What to do: Provide an exact copy of the lines from the beginning of the records through the line that includes "What is the", and of no others.

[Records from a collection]
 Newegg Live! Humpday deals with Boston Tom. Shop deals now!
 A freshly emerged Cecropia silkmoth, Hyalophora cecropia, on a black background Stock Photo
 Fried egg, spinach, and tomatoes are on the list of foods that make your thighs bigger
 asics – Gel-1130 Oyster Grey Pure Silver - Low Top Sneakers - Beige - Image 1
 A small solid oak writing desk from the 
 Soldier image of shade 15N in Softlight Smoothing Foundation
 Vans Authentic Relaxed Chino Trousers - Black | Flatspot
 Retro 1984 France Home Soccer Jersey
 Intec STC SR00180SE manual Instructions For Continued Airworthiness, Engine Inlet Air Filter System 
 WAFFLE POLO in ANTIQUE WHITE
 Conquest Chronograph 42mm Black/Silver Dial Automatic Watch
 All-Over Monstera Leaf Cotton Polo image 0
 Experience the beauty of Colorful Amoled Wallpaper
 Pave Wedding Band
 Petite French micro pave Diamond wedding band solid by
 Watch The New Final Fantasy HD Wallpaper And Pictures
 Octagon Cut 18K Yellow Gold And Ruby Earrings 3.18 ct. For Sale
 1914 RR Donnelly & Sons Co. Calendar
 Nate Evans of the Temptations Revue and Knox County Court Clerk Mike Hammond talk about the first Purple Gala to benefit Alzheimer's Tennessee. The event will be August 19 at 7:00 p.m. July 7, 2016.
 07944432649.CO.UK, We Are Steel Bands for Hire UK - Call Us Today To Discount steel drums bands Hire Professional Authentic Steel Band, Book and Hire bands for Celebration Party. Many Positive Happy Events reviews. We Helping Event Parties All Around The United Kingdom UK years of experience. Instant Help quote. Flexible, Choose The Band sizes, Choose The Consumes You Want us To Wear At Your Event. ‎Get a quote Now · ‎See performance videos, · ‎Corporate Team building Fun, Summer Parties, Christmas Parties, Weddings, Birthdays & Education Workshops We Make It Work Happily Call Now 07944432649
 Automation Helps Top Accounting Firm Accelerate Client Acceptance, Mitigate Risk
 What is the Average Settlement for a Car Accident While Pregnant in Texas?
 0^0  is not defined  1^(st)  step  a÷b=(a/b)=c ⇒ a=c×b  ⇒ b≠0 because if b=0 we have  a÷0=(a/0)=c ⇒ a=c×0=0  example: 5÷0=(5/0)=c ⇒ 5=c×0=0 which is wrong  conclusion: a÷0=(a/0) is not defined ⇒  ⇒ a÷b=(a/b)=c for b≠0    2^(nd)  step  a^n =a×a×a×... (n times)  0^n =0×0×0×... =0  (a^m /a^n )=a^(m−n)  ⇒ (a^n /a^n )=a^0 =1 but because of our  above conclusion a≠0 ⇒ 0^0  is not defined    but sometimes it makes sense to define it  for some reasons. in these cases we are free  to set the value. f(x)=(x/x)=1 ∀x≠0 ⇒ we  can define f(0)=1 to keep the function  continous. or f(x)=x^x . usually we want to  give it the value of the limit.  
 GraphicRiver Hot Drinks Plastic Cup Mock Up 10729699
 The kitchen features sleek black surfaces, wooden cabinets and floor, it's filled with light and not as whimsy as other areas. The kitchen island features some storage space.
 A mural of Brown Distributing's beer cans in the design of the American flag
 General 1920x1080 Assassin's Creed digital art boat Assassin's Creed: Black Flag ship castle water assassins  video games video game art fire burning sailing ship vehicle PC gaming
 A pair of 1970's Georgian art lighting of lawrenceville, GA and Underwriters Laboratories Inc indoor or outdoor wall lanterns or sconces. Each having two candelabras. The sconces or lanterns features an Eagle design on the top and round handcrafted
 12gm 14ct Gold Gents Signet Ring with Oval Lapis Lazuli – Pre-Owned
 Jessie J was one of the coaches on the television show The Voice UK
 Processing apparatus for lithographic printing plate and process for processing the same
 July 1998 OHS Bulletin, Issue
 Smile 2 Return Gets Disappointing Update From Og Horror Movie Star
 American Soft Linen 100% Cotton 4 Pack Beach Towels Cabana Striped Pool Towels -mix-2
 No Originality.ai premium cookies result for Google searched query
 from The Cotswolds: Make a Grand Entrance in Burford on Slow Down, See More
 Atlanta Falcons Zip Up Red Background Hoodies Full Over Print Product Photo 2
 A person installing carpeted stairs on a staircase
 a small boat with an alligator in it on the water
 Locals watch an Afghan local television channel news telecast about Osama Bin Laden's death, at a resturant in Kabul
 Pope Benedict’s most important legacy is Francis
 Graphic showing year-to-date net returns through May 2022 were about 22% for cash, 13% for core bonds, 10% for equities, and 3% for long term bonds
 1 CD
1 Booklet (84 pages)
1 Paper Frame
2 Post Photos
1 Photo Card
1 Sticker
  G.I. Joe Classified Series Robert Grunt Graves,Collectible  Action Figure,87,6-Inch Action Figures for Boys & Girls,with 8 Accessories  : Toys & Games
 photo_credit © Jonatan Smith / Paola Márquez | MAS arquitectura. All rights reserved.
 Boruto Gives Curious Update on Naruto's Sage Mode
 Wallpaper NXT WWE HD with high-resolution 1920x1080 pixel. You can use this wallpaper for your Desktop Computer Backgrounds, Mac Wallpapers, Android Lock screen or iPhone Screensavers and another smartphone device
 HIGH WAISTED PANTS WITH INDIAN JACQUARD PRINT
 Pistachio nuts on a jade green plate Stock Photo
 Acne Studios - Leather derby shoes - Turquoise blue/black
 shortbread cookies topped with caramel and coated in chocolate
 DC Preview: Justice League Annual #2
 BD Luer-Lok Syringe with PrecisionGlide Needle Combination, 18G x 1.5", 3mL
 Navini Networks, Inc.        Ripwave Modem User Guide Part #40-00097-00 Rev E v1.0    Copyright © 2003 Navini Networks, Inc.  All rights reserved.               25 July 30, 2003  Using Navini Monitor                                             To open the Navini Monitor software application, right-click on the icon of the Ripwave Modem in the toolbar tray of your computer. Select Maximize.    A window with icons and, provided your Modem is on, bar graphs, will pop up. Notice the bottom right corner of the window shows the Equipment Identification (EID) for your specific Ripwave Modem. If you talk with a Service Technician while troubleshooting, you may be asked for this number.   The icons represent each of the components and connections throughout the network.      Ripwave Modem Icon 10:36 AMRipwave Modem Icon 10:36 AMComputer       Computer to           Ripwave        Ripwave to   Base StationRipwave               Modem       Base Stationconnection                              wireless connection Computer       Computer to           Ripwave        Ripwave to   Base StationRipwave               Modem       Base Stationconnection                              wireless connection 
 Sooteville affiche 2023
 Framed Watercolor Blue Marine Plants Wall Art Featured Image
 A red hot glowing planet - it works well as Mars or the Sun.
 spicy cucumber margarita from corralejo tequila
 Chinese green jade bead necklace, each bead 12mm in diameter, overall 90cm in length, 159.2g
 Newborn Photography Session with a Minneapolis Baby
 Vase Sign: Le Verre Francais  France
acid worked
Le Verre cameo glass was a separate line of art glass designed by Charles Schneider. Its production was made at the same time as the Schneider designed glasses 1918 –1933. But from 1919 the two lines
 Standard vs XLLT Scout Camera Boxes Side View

Response area:
 Newegg Live! Humpday deals with Boston Tom. Shop deals now!
 A freshly emerged Cecropia silkmoth, Hyalophora cecropia, on a black background Stock Photo
 Fried egg, spinach, and tomatoes are on the list of foods that make your thighs bigger
 asics – Gel-1130 Oyster Grey Pure Silver - Low Top Sneakers - Beige - Image 1
 A small solid oak writing desk from the 
 Soldier image of shade 15N in Softlight Smoothing Foundation
 Vans Authentic Relaxed Chino Trousers - Black | Flatspot
 Retro 1984 France Home Soccer Jersey
 Intec STC SR00180SE manual Instructions For Continued Airworthiness, Engine Inlet Air Filter System 
 WAFFLE POLO in ANTIQUE WHITE
 Conquest Chronograph 42mm Black/Silver Dial Automatic Watch
 All-Over Monstera Leaf Cotton Polo image 0
 Experience the beauty of Colorful Amoled Wallpaper
 Pave Wedding Band
 Petite French micro pave Diamond wedding band solid by
 Watch The New Final Fantasy HD Wallpaper And Pictures
 Octagon Cut 18K Yellow Gold And Ruby Earrings 3.18 ct. For Sale
 1914 RR Donnelly & Sons Co. Calendar
 Nate Evans of the Temptations Revue and Knox County Court Clerk Mike Hammond talk about the first Purple Gala to benefit Alzheimer's Tennessee. The event will be August 19 at 7:00 p.m. July 7, 2016.
 07944432649.CO.UK, We Are Steel Bands for Hire UK - Call Us Today To Discount steel drums bands Hire Professional Authentic Steel Band, Book and Hire bands for Celebration Party. Many Positive Happy Events reviews. We Helping Event Parties All Around The United Kingdom UK years of experience. Instant Help quote. Flexible, Choose The Band sizes, Choose The Consumes You Want us To Wear At Your Event. ‎Get a quote Now · ‎See performance videos, · ‎Corporate Team building Fun, Summer Parties, Christmas Parties, Weddings, Birthdays & Education Workshops We Make It Work Happily Call Now 07944432649
 Automation Helps Top Accounting Firm Accelerate Client Acceptance, Mitigate Risk
 What is the Average Settlement for a Car Accident While Pregnant in Texas?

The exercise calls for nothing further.